Prompt: Print out the data that follows exactly, character for character, apart from the pictures.

Dataset content:
::::

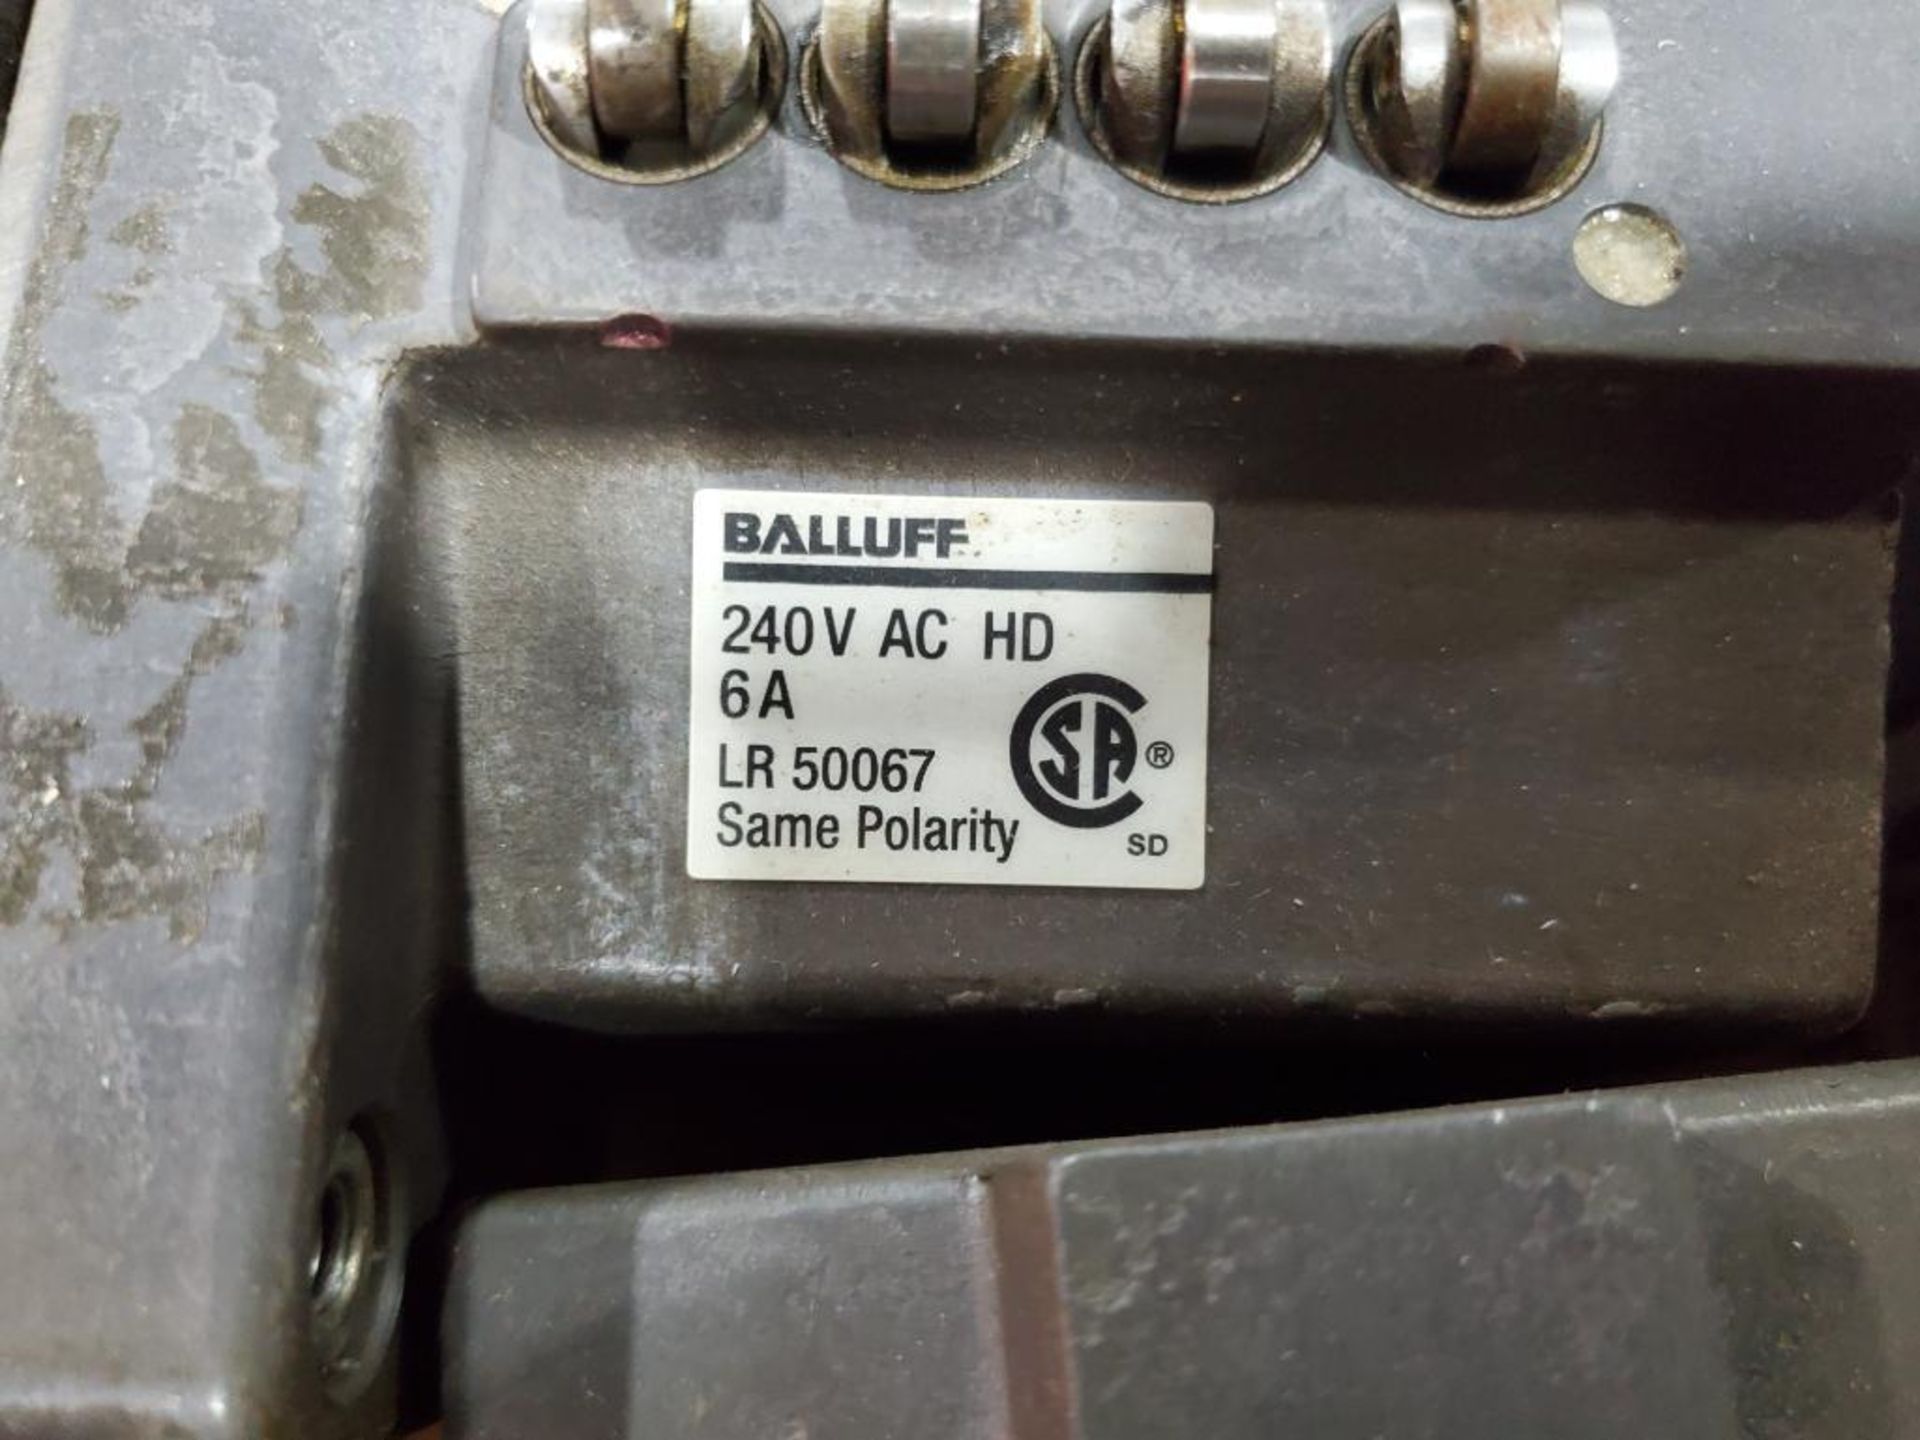 Qty 7 - Balluff switch. Part number BNS-113-004-L12-100. - Image 3 of 6
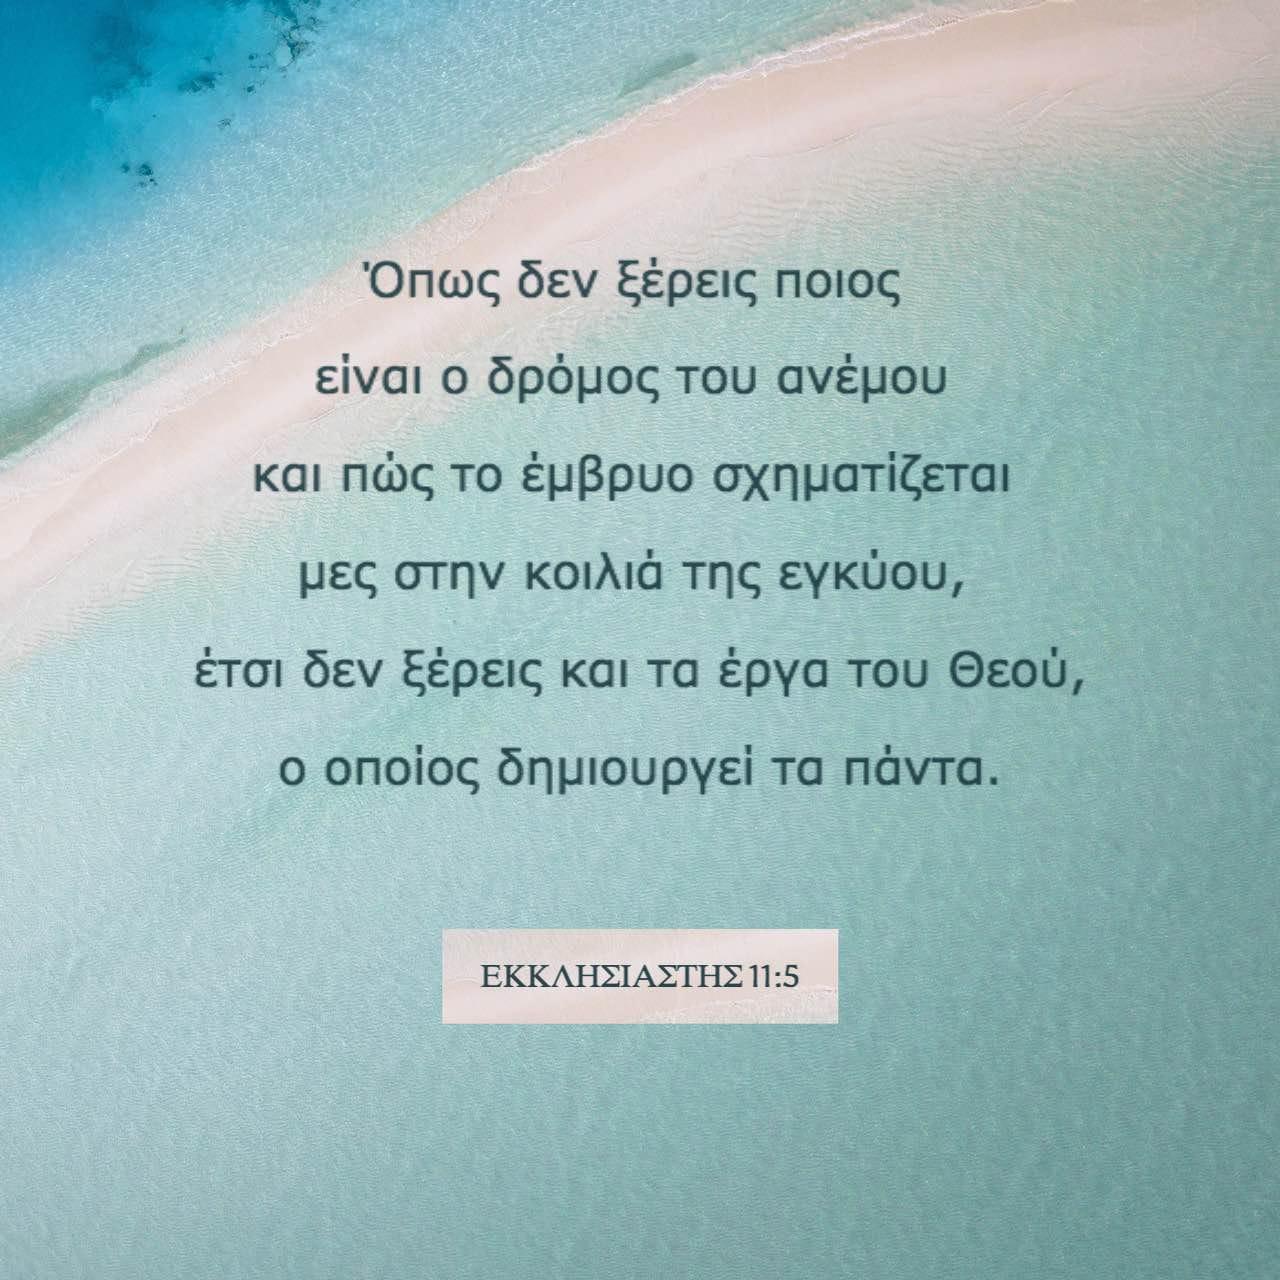 Bible Verse of the Day - day 150 - image 26822 (ΕΚΚΛΗΣΙΑΣΤΗΣ 11:5)
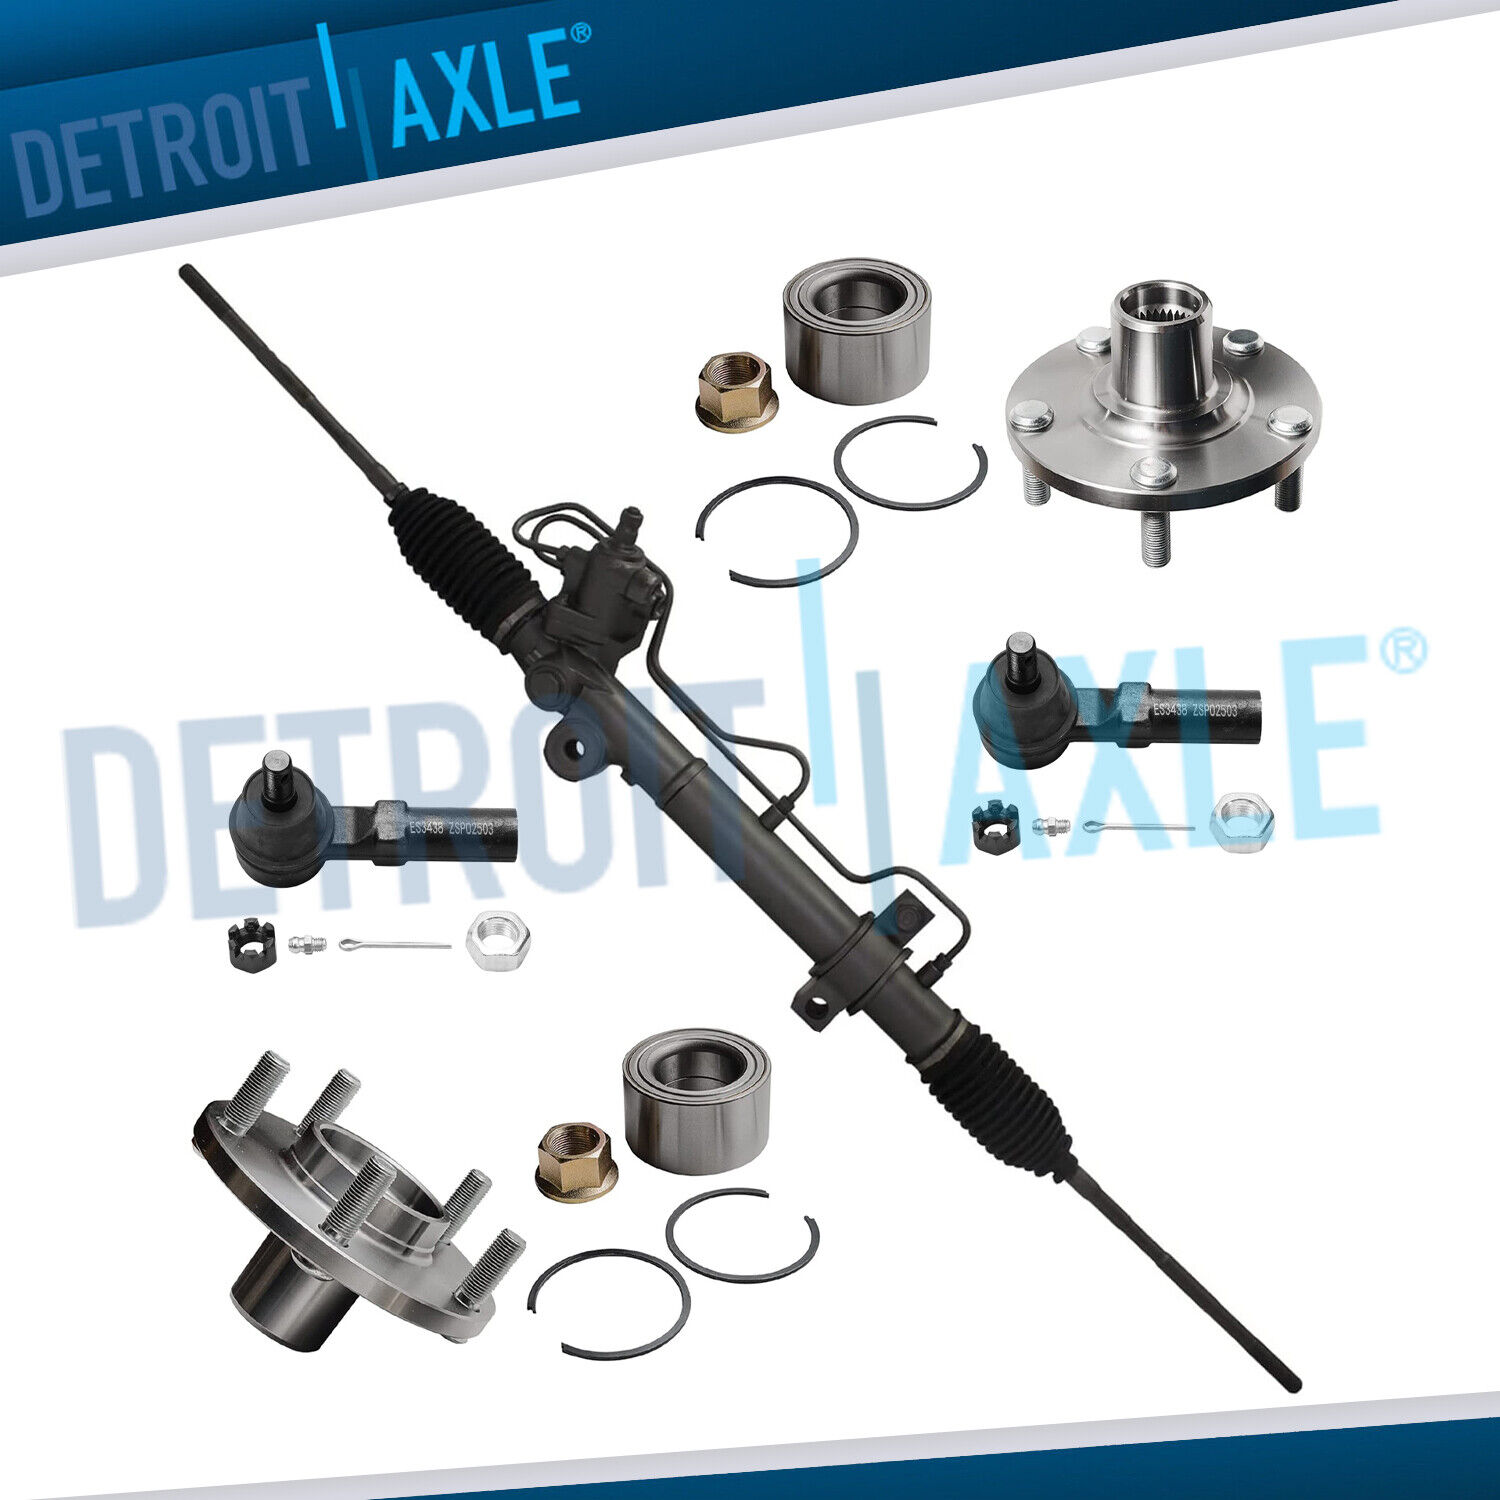 5 pc Steering Rack and Pinion Wheel Hub and Bearing Kit for Nissan Altima Maxima
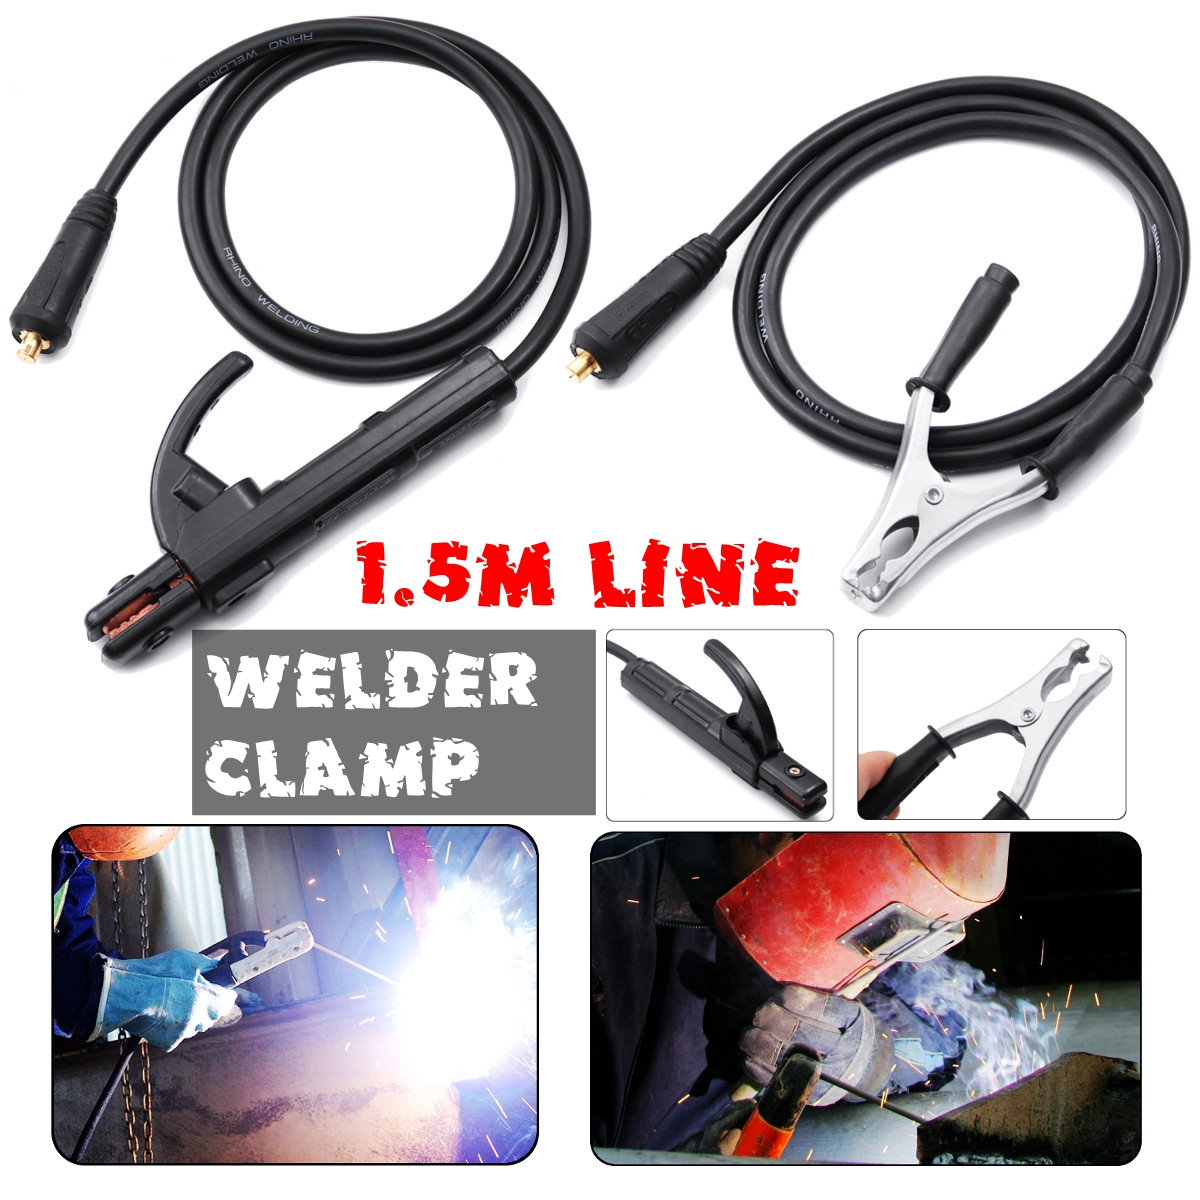 2 Pcs 300A 1.5M Electrode Holder Stick Welders /Ground Clamp Set Welding Rod Stinger Clamping Tool

::::

Solution for this problem:
 Qty 7 - Balluff switch. Part number BNS-113-004-L12-100. - Image 3 of 6
 Bible Verse of the Day - day 150 - image 26822 (ΕΚΚΛΗΣΙΑΣΤΗΣ 11:5)
 5 pc Steering Rack and Pinion Wheel Hub and Bearing Kit for Nissan Altima Maxima
 2 Pcs 300A 1.5M Electrode Holder Stick Welders /Ground Clamp Set Welding Rod Stinger Clamping Tool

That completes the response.